Sleep and Chronic Pain

16 November, 2020
Chronic pain is a condition that affects millions of people all over the world and negatively affects many aspects of their quality of life, including sleep.

Chronic pain affects about 25 percent of the population in Spain. In a study of 5,000 participants, 43 percent reported having experienced pain in the last week, especially in the legs, back, or head. Of those, about 54 percent said they suffered from long-term, chronic discomfort that had a significant negative impact on their lives. In today’s article, we’re going to talk about the relationship between sleep and chronic pain.

The most common causes of chronic pain are arthritis, rheumatism, and migraines. More than 60% of patients said that they use analgesics to deal with their pain. These medications can have many different side effects when taken long-term, including conditions that can make the pain even worse.

A woman with chronic pain.

The effects of chronic pain

If you suffer from chronic pain, you know the negative impact it can have on people’s lives. Being in physical pain all the time causes significant psychological distress as well. Some of the areas that chronic pain affects the most are the following:

  • Sleep.
  • Social life.
  • Cognitive abilities.
  • Physical activity.
  • Work performance.
  • Various day-to-day activities (showing, shopping, cooking, driving, writing, etc.)

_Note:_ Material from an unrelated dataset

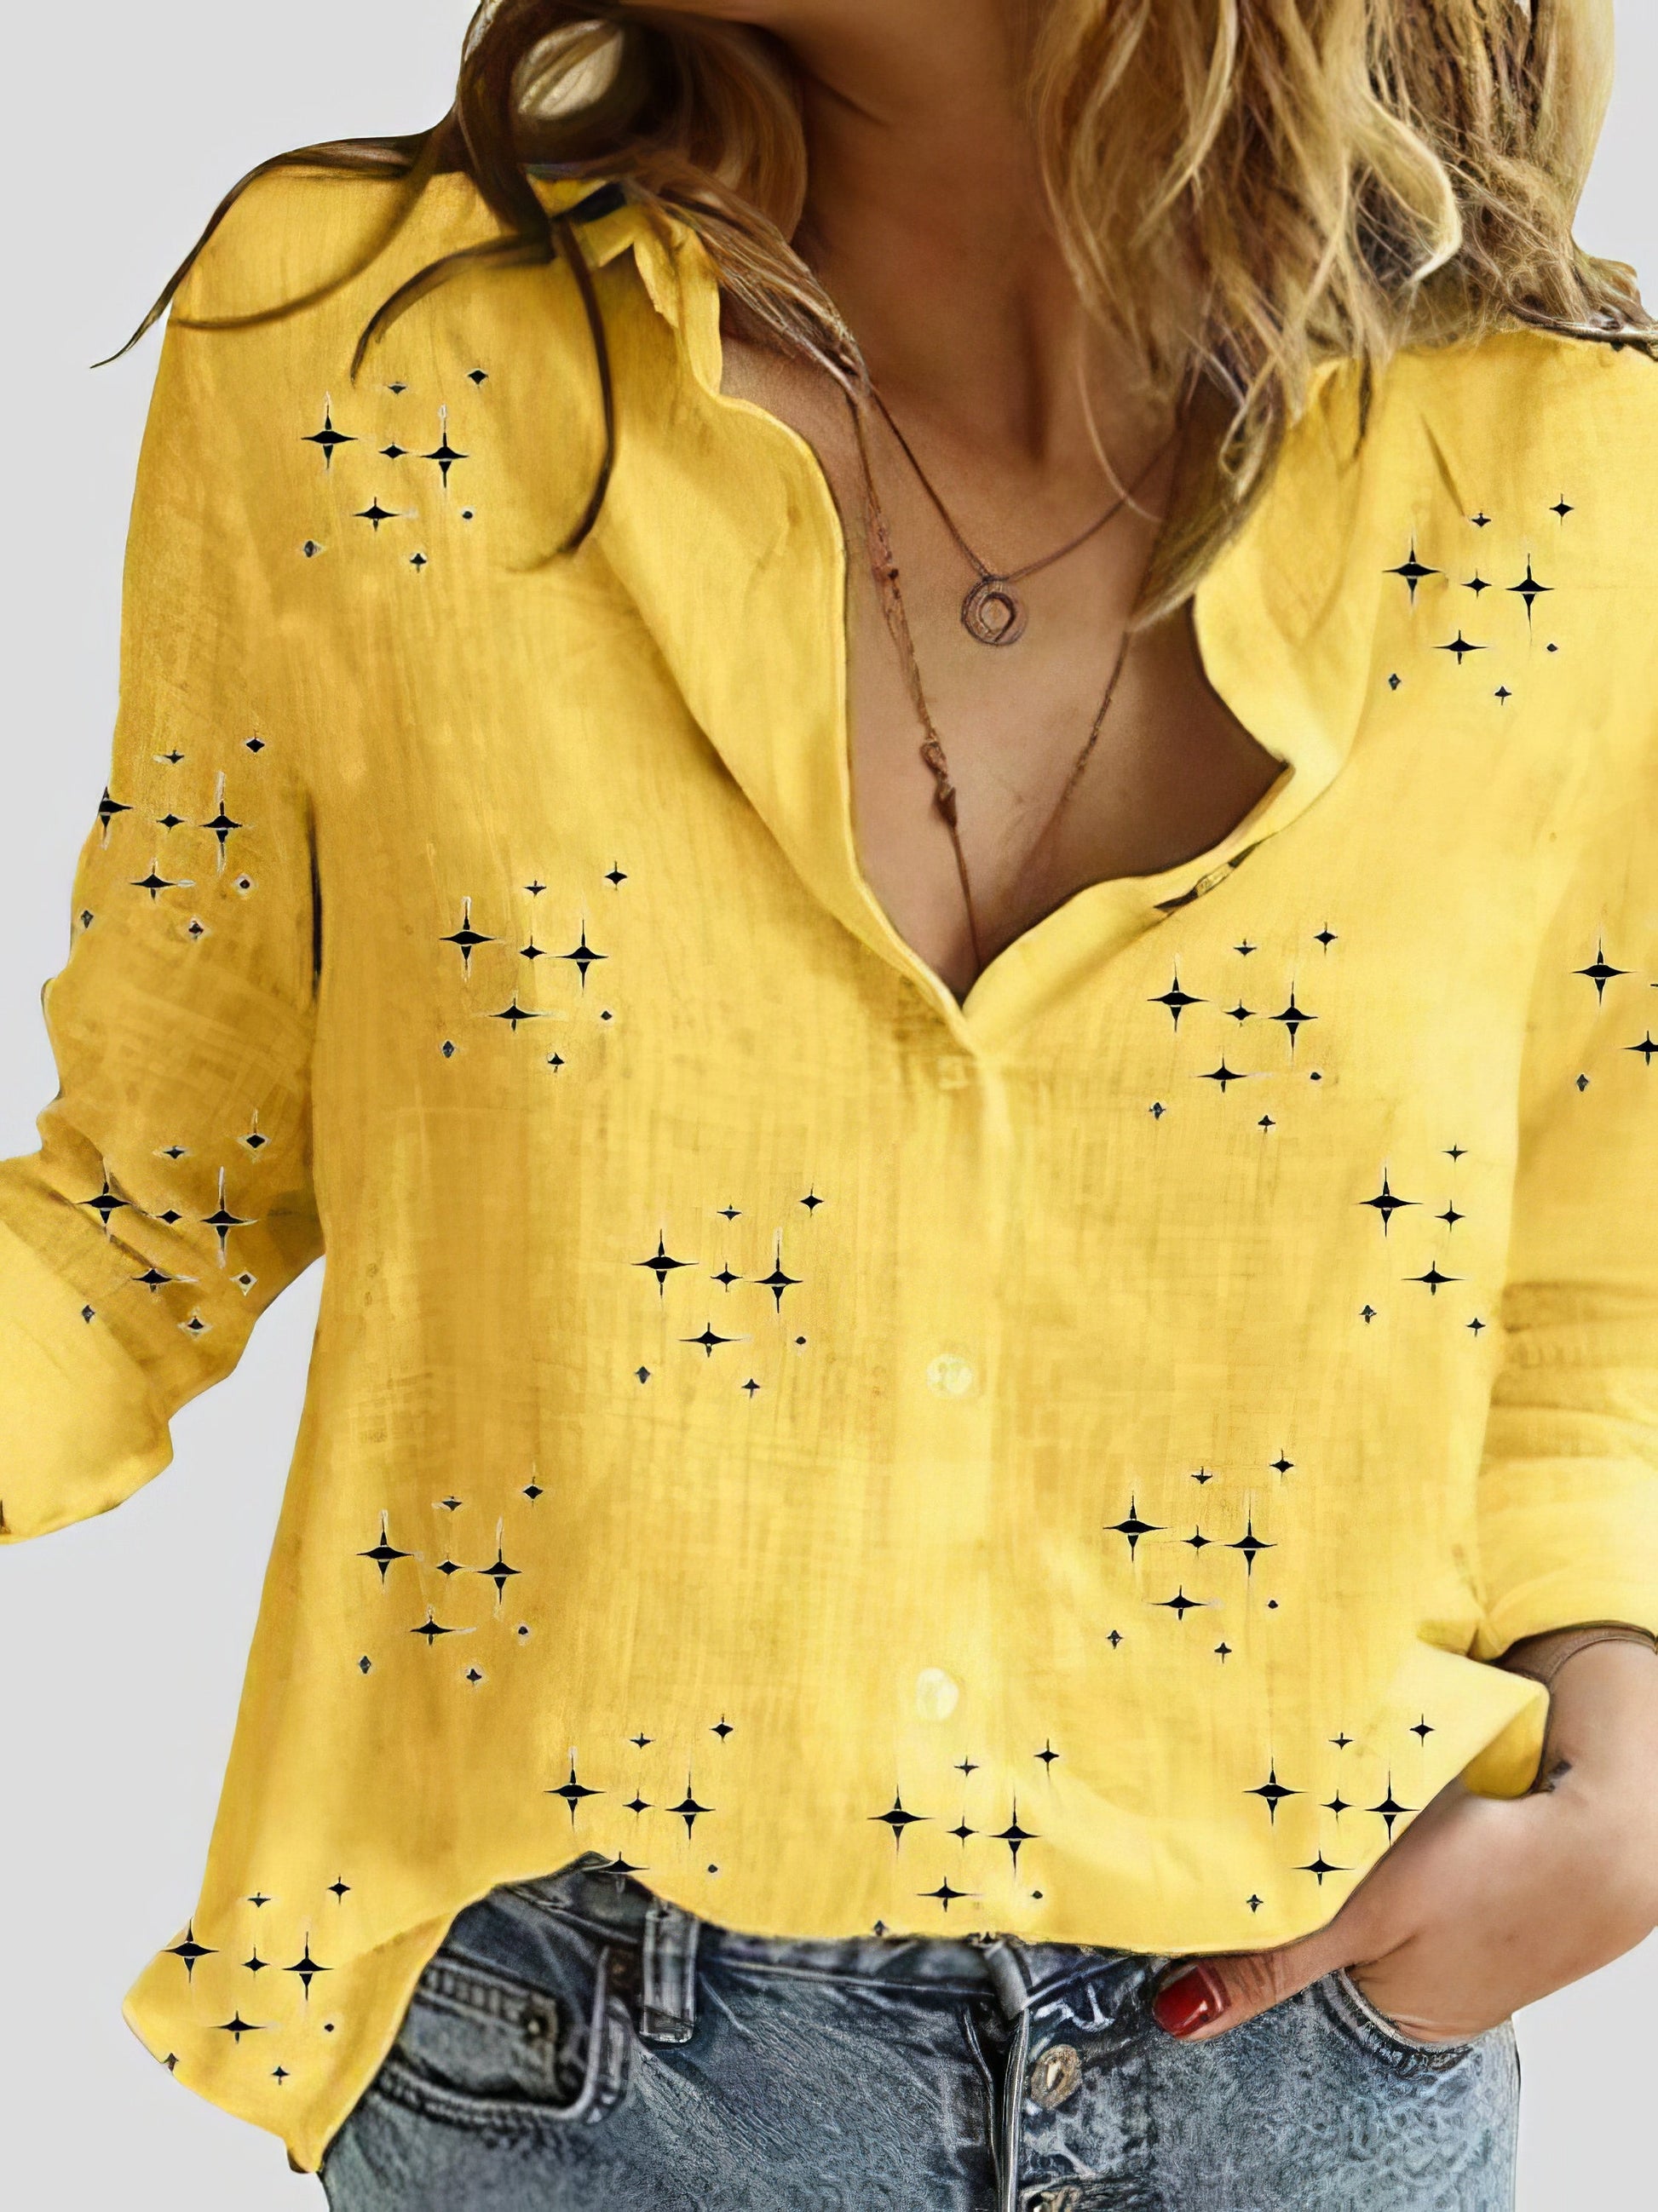 Blouses - Star Print Button Long Sleeve Blouses - MsDressly

Chronic pain also leads to a higher risk of psychological disorders such as anxiety and depression. Unfortunately, this type of long-term pain can also lead to chronic stress.

Sleep and chronic pain

A patient’s sleep quality is considered a fundamental variable for determining if a chronic pain treatment strategy is working or not. About 50 to 70 percent of patients with moderate or intense chronic pain have some kind of sleep disorder. This is especially true for older adults. The most common disorders are the following:

  • Trouble falling asleep.
  • Waking up in the middle of the night because of the pain.
  • Non-restful sleep.
  • Daytime sleepiness.

Pain makes it very difficult for these patients to get a good night’s sleep. This, in turn, causes hyperalgesia, which is an increased perception of pain. Being more sensitive to pain makes it harder to sleep, which ends up causing a vicious cycle that’s hard to break.

How pain relievers affect sleep

Pharmaceutical drugs prescribed for chronic pain can help with symptoms, but they also affect sleep quality. Here are some of the most commonly used:

Non-steroidal anti-inflammatory drugs (NSAIDs)

These are some of the most widely-used adult pain relievers. Not only do they reduce inflammation, but they also lower fever, swelling, and redness. Doctors prescribe them for chronic health problems such as arthritis or lupus.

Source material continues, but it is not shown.